START DATASET ENTRIES

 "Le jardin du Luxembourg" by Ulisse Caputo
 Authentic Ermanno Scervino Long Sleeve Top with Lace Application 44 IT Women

END DATASET ENTRIES
START DATASET ENTRIES

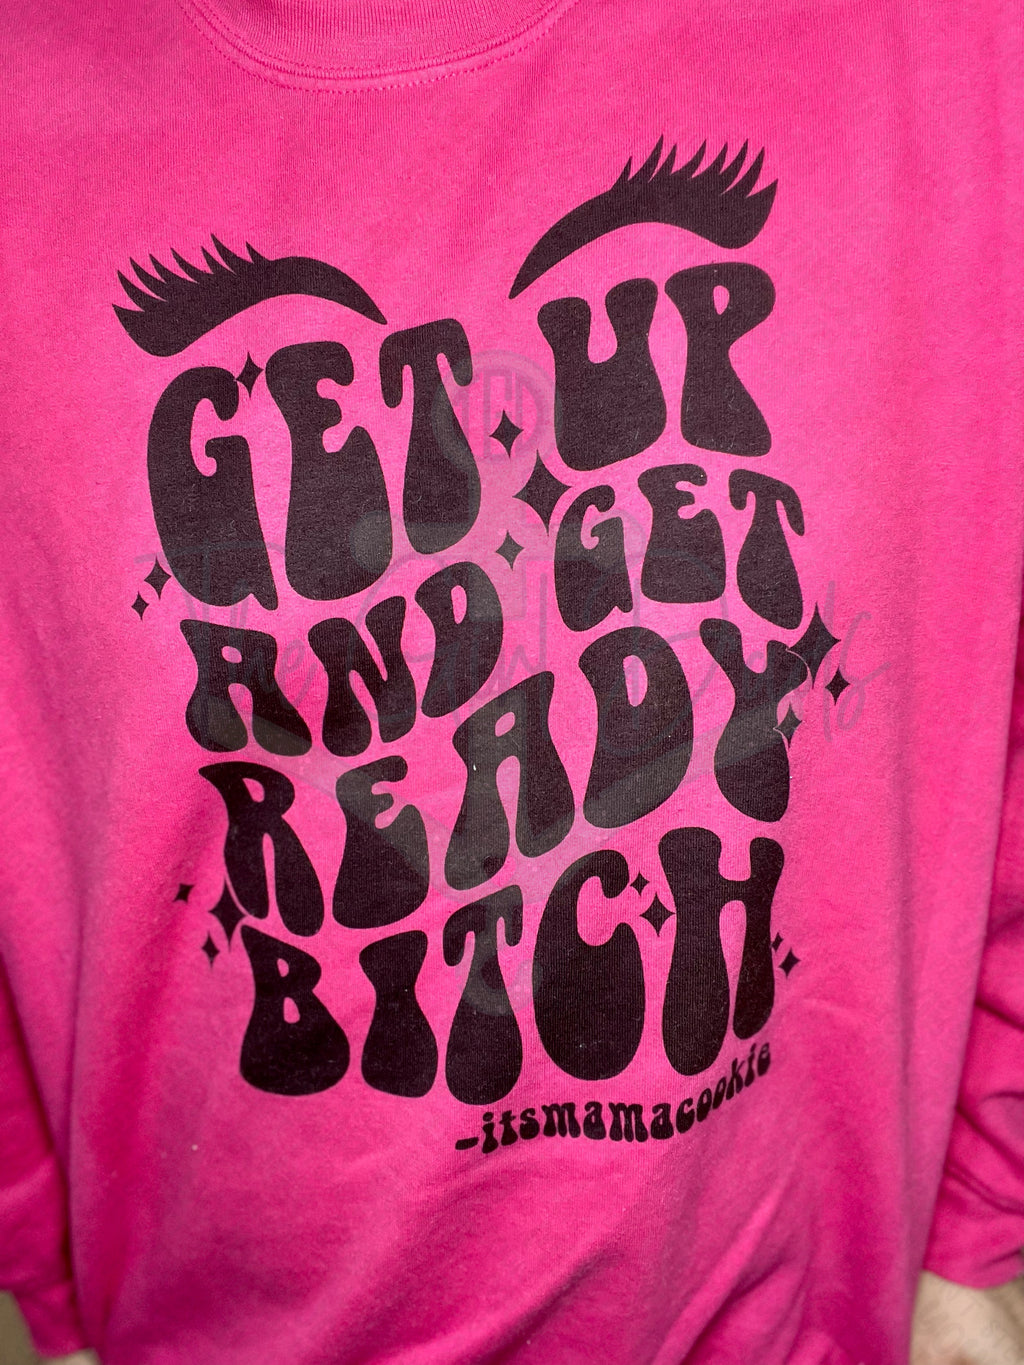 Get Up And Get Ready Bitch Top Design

END DATASET ENTRIES
START DATASET ENTRIES

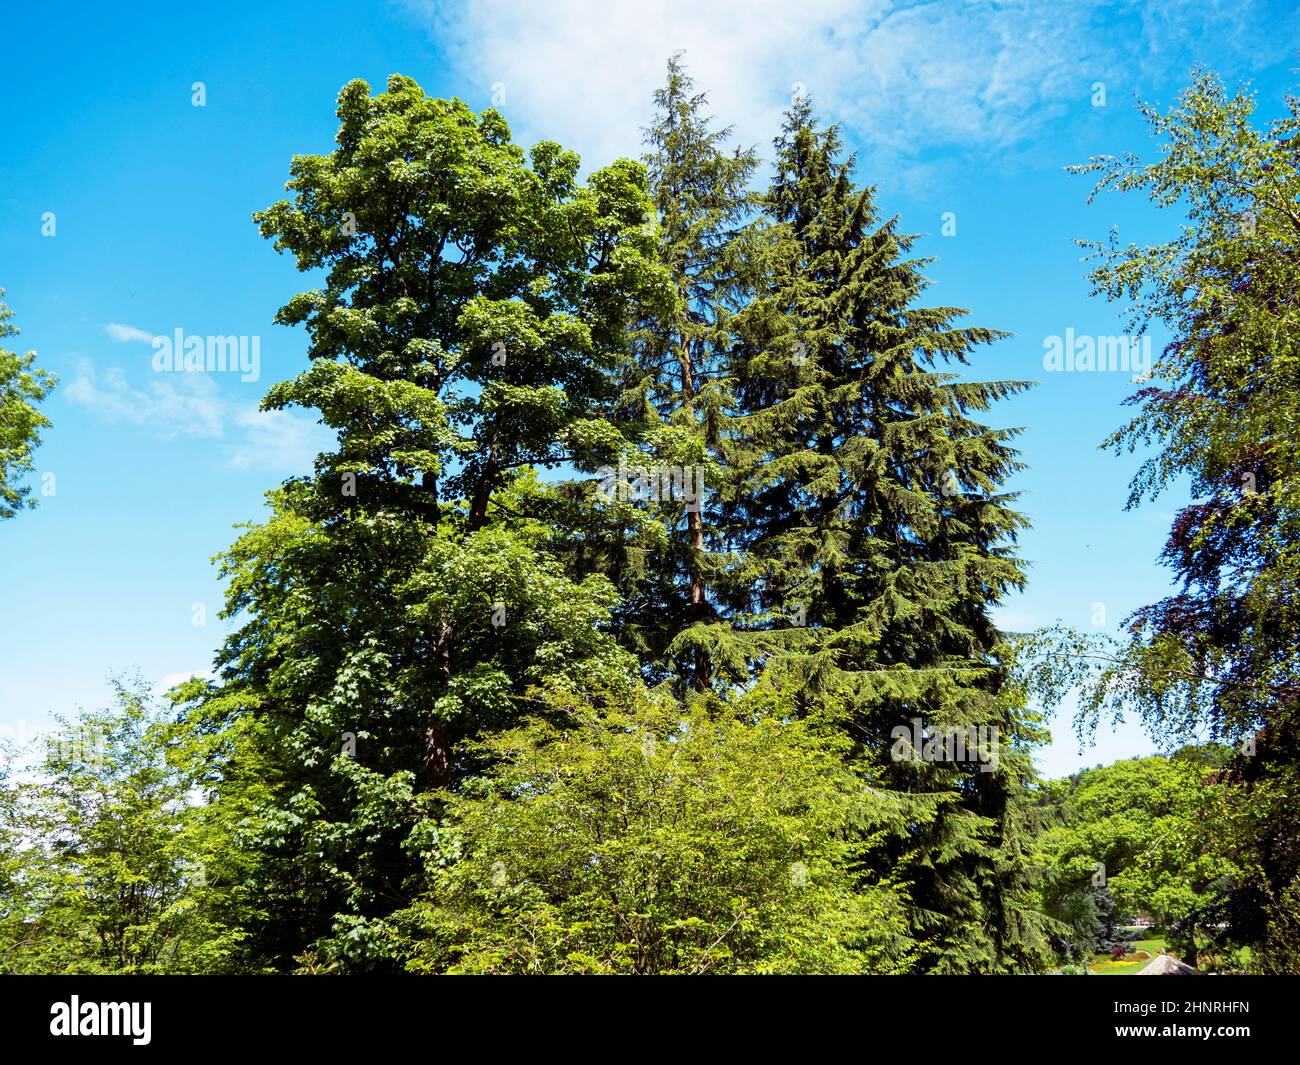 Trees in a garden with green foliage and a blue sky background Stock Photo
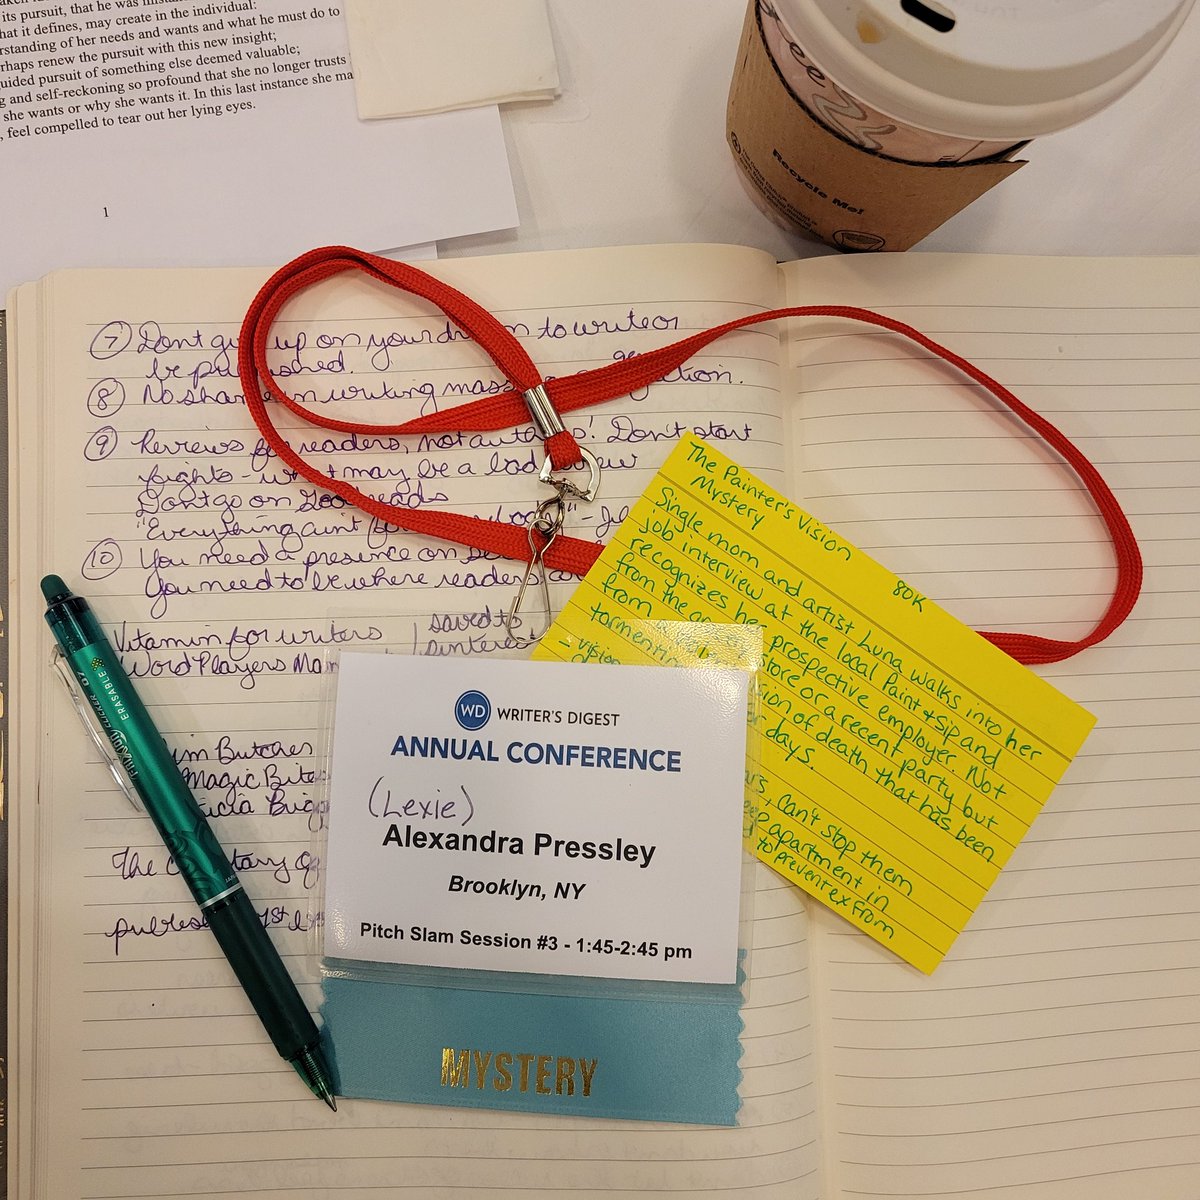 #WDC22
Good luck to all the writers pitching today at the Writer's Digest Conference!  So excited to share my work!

END DATASET ENTRIES

Copy back the listing above exactly, but only from the line with "by Ulisse Caputo" through the line with "Authentic Ermanno Scervino", both ends included.

SOLUTION FOR THIS PROBLEM:
 "Le jardin du Luxembourg" by Ulisse Caputo
 Authentic Ermanno Scervino Long Sleeve Top with Lace Application 44 IT Women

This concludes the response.